Task instructions:
Write out exactly the lines below starting at the one containing "acquisition funnels help" and ending at the one containing "by Christopher Shearer". Omit every picture.

Information supplied:
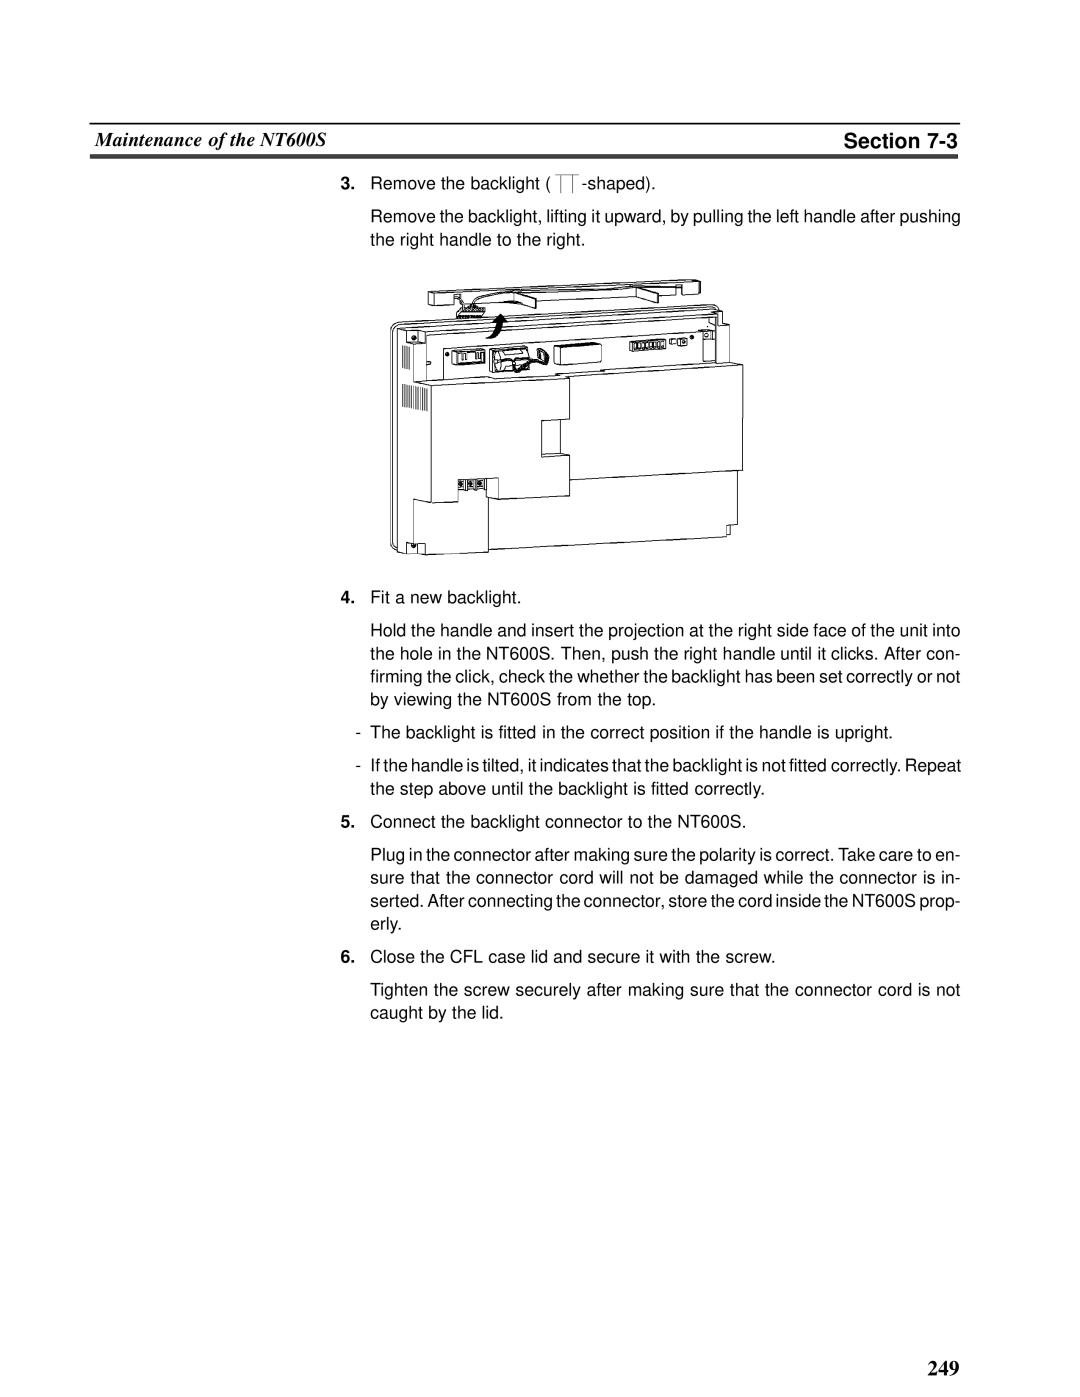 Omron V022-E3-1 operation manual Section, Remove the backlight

--

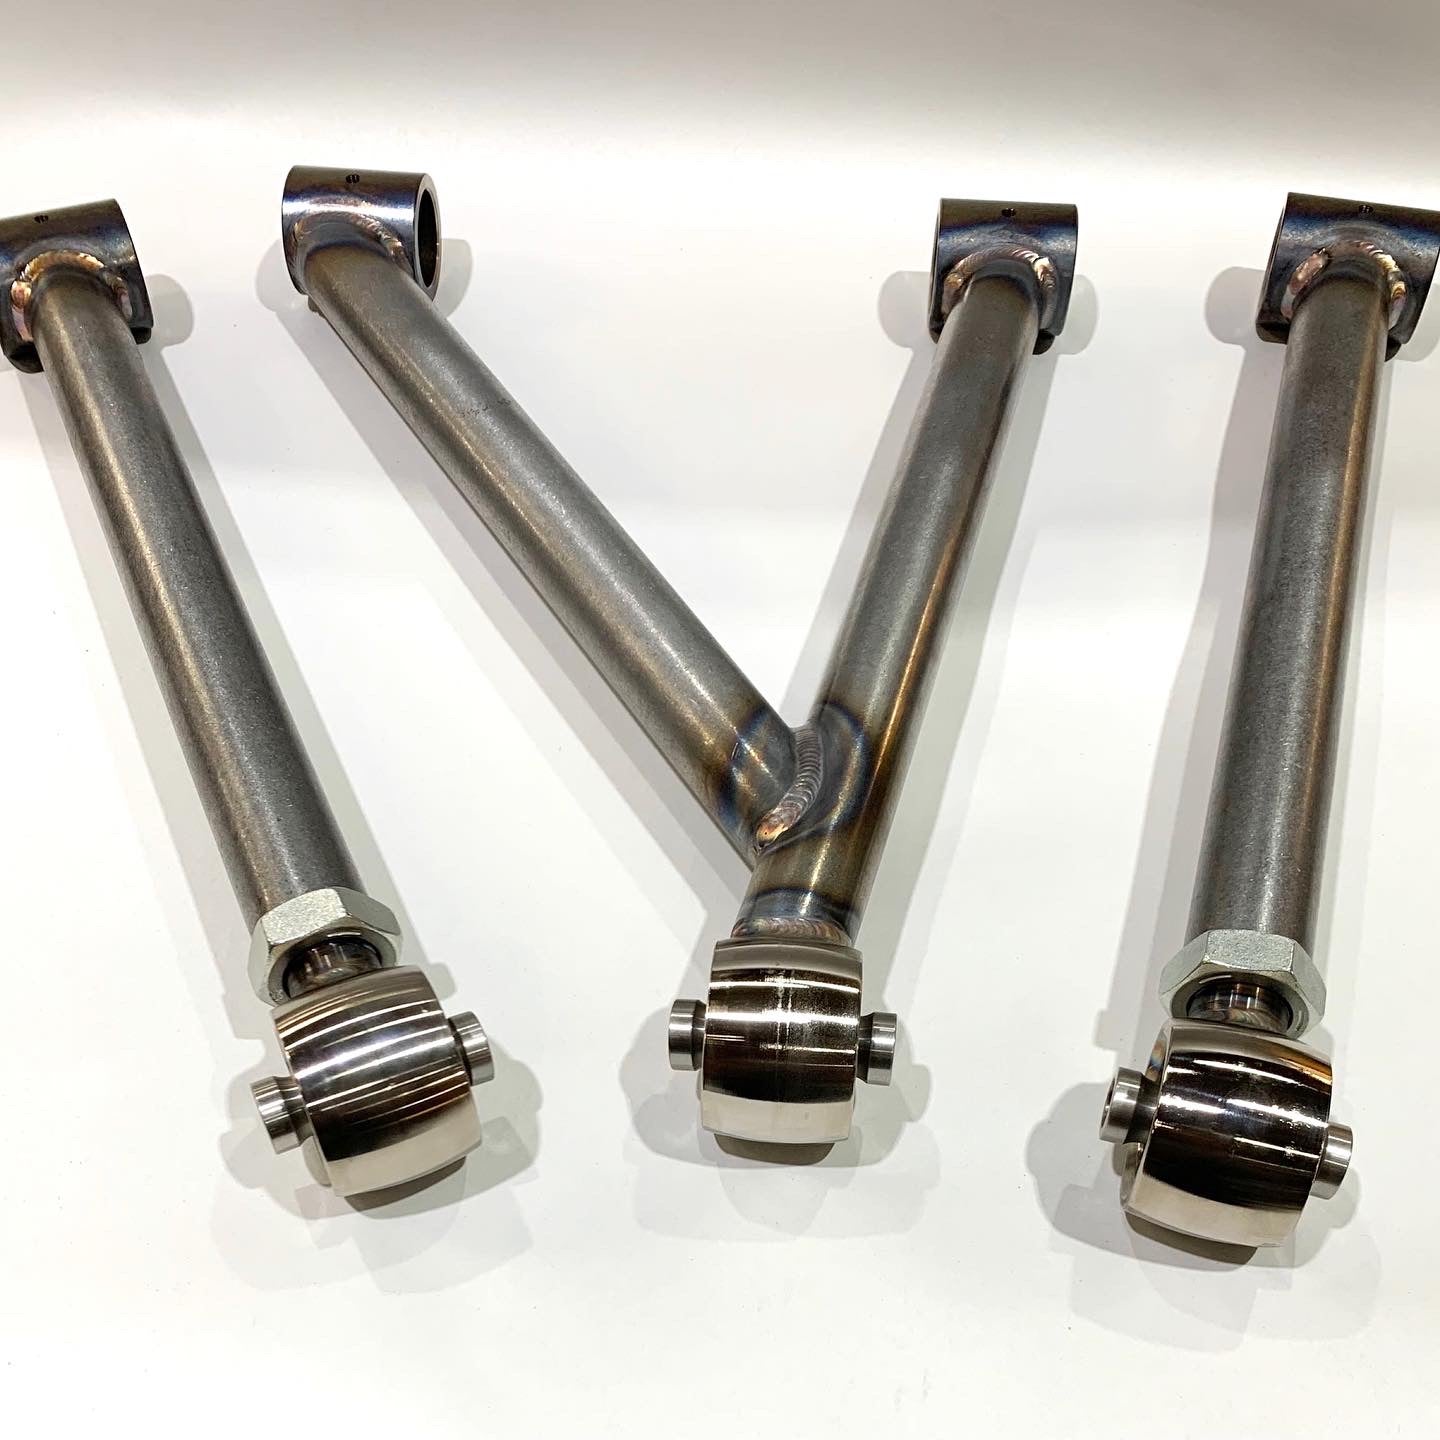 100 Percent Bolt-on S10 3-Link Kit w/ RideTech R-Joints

--

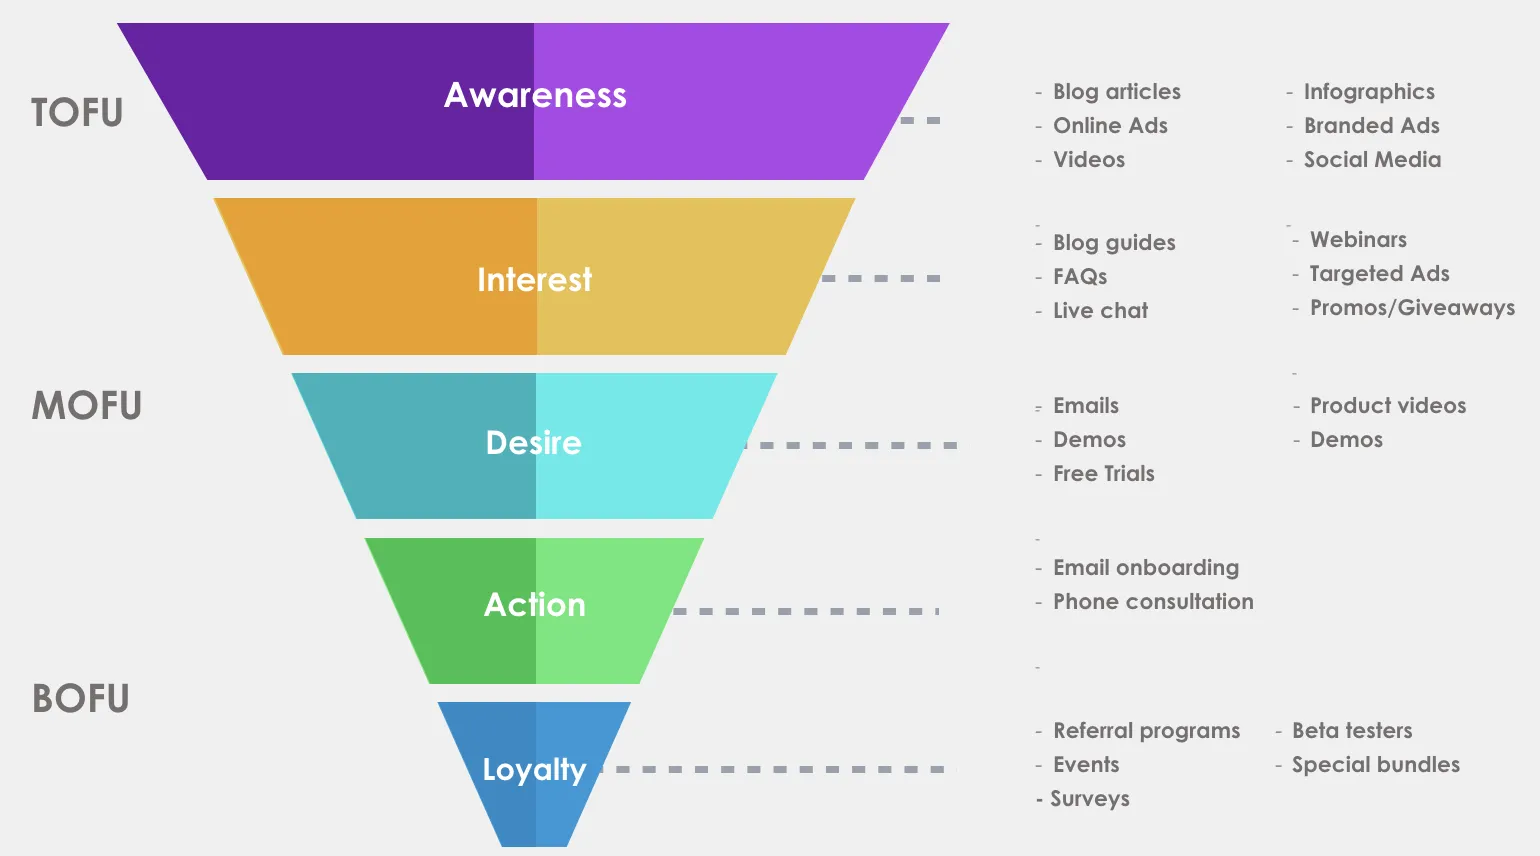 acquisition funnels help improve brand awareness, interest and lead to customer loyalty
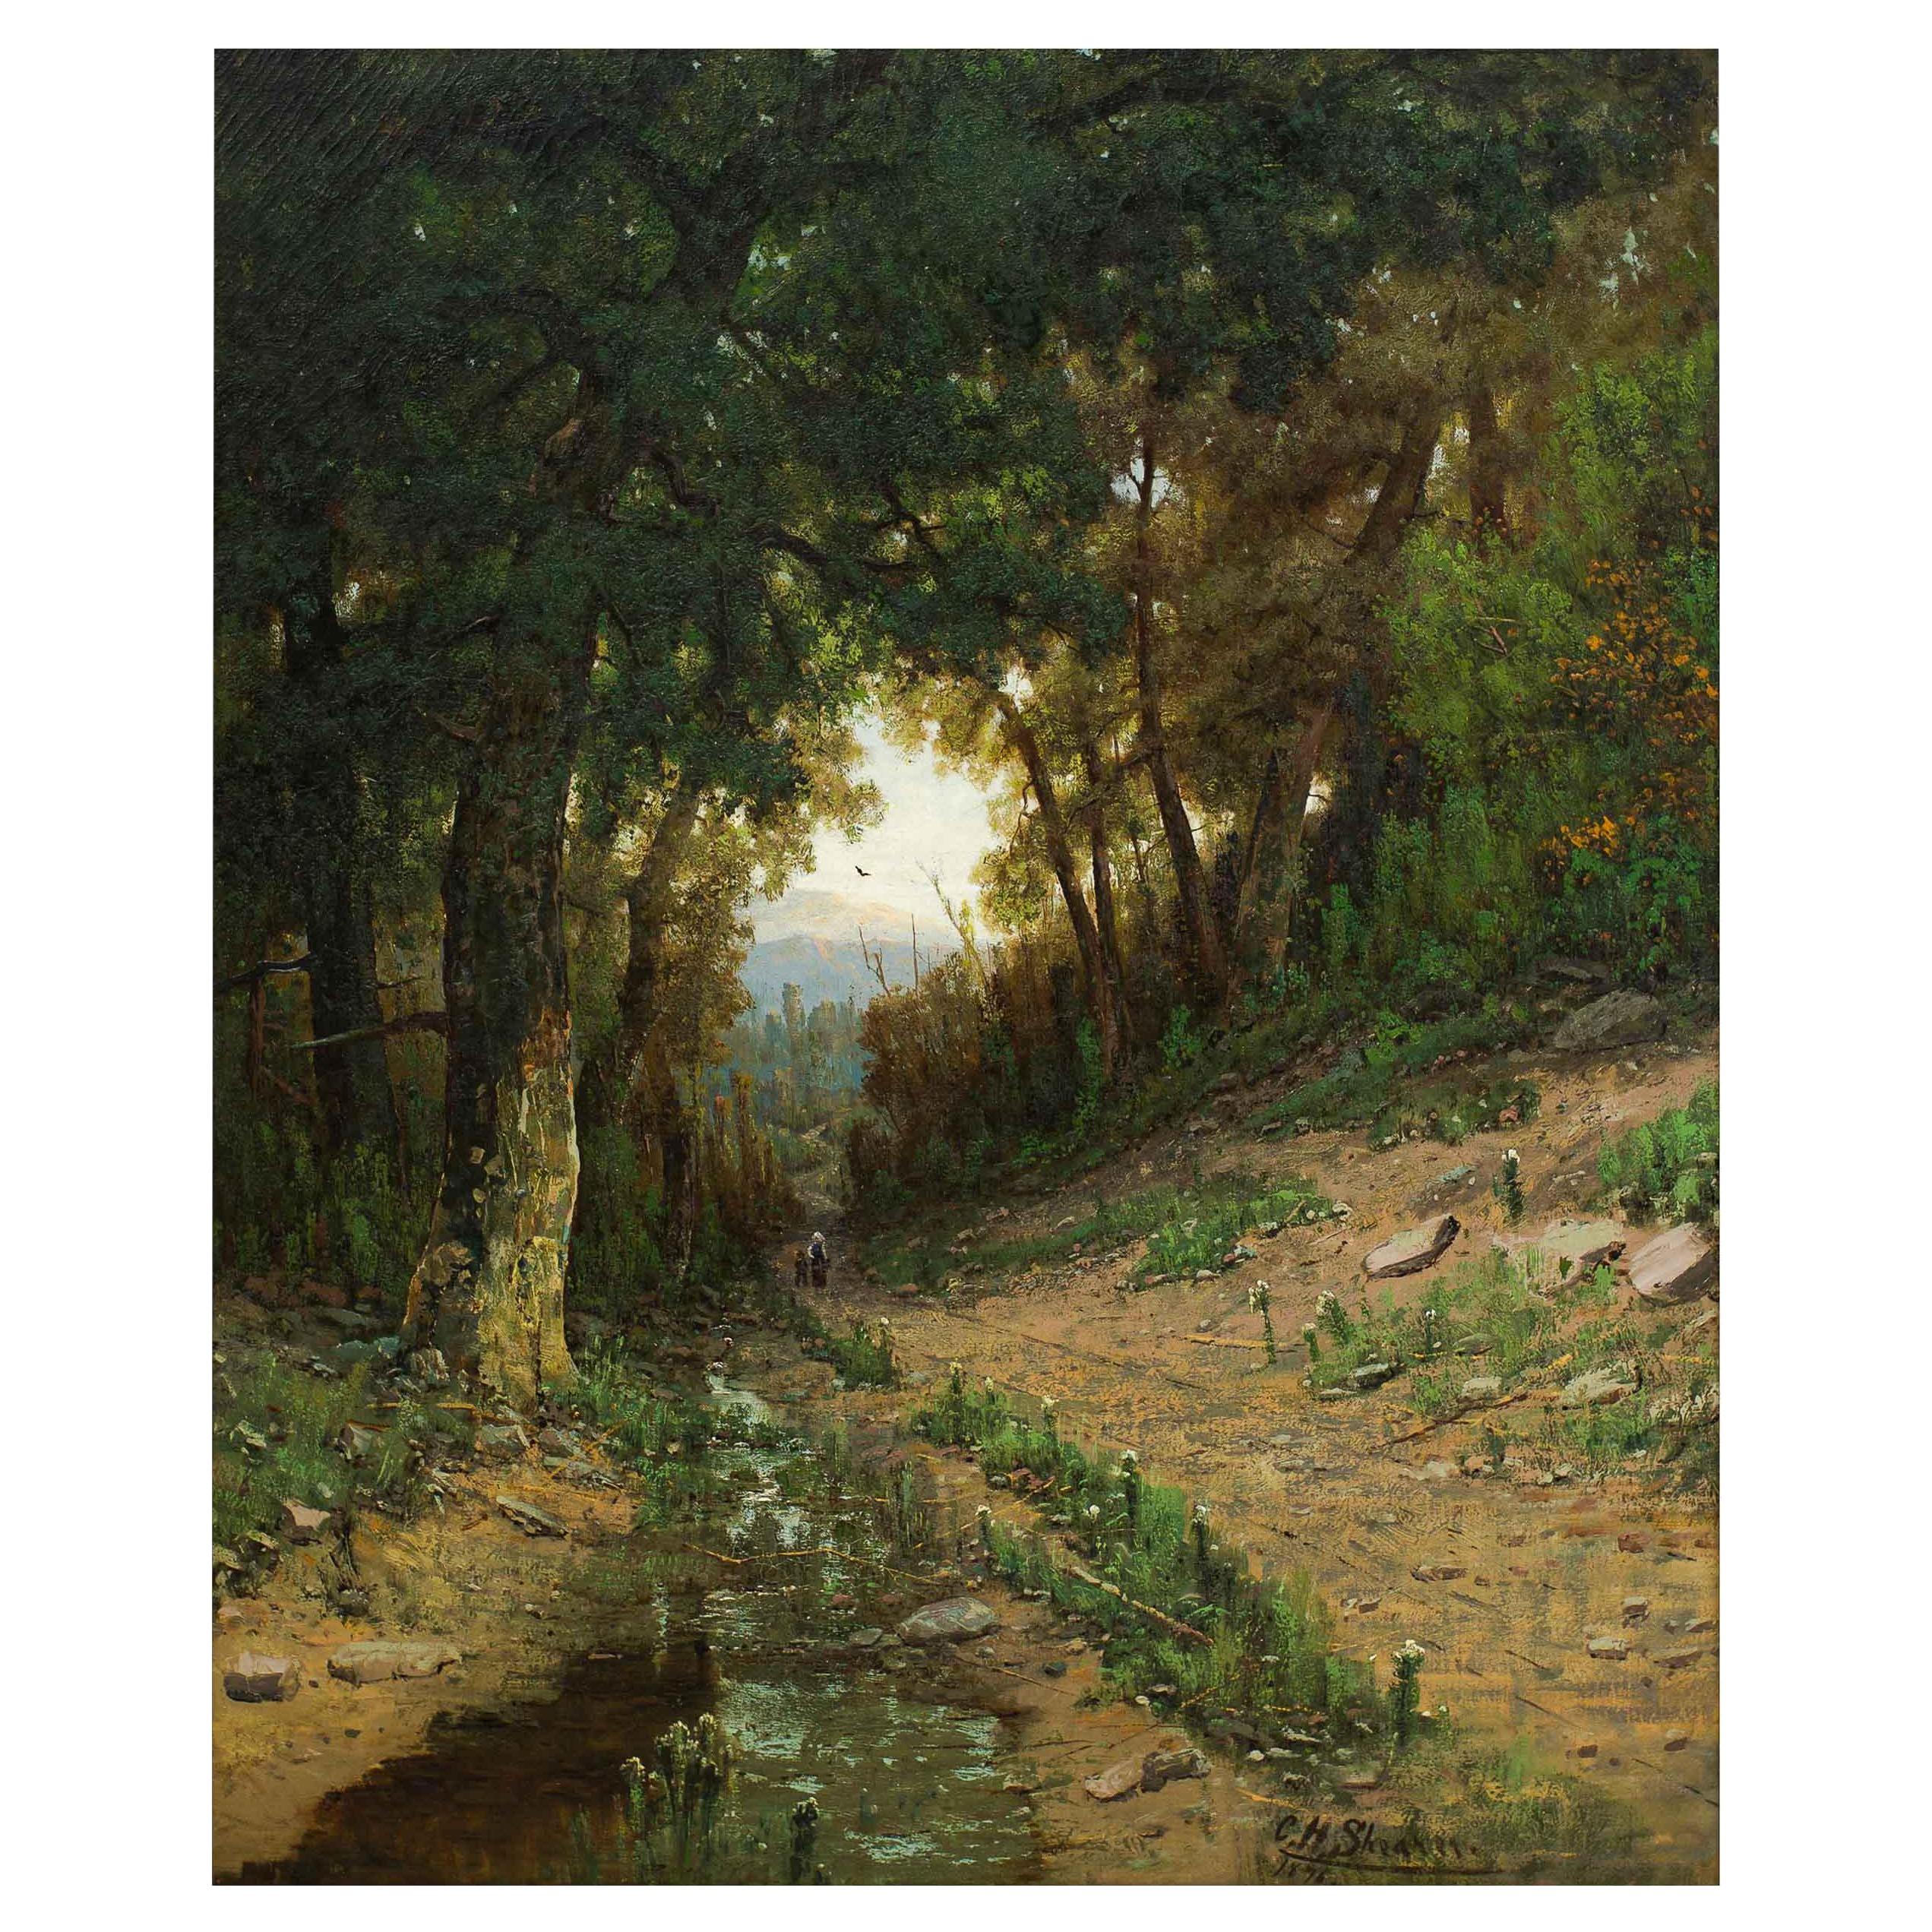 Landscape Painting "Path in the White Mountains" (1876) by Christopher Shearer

Exercise output:
 acquisition funnels help improve brand awareness, interest and lead to customer loyalty
 Landscape Painting "Path in the White Mountains" (1876) by Christopher Shearer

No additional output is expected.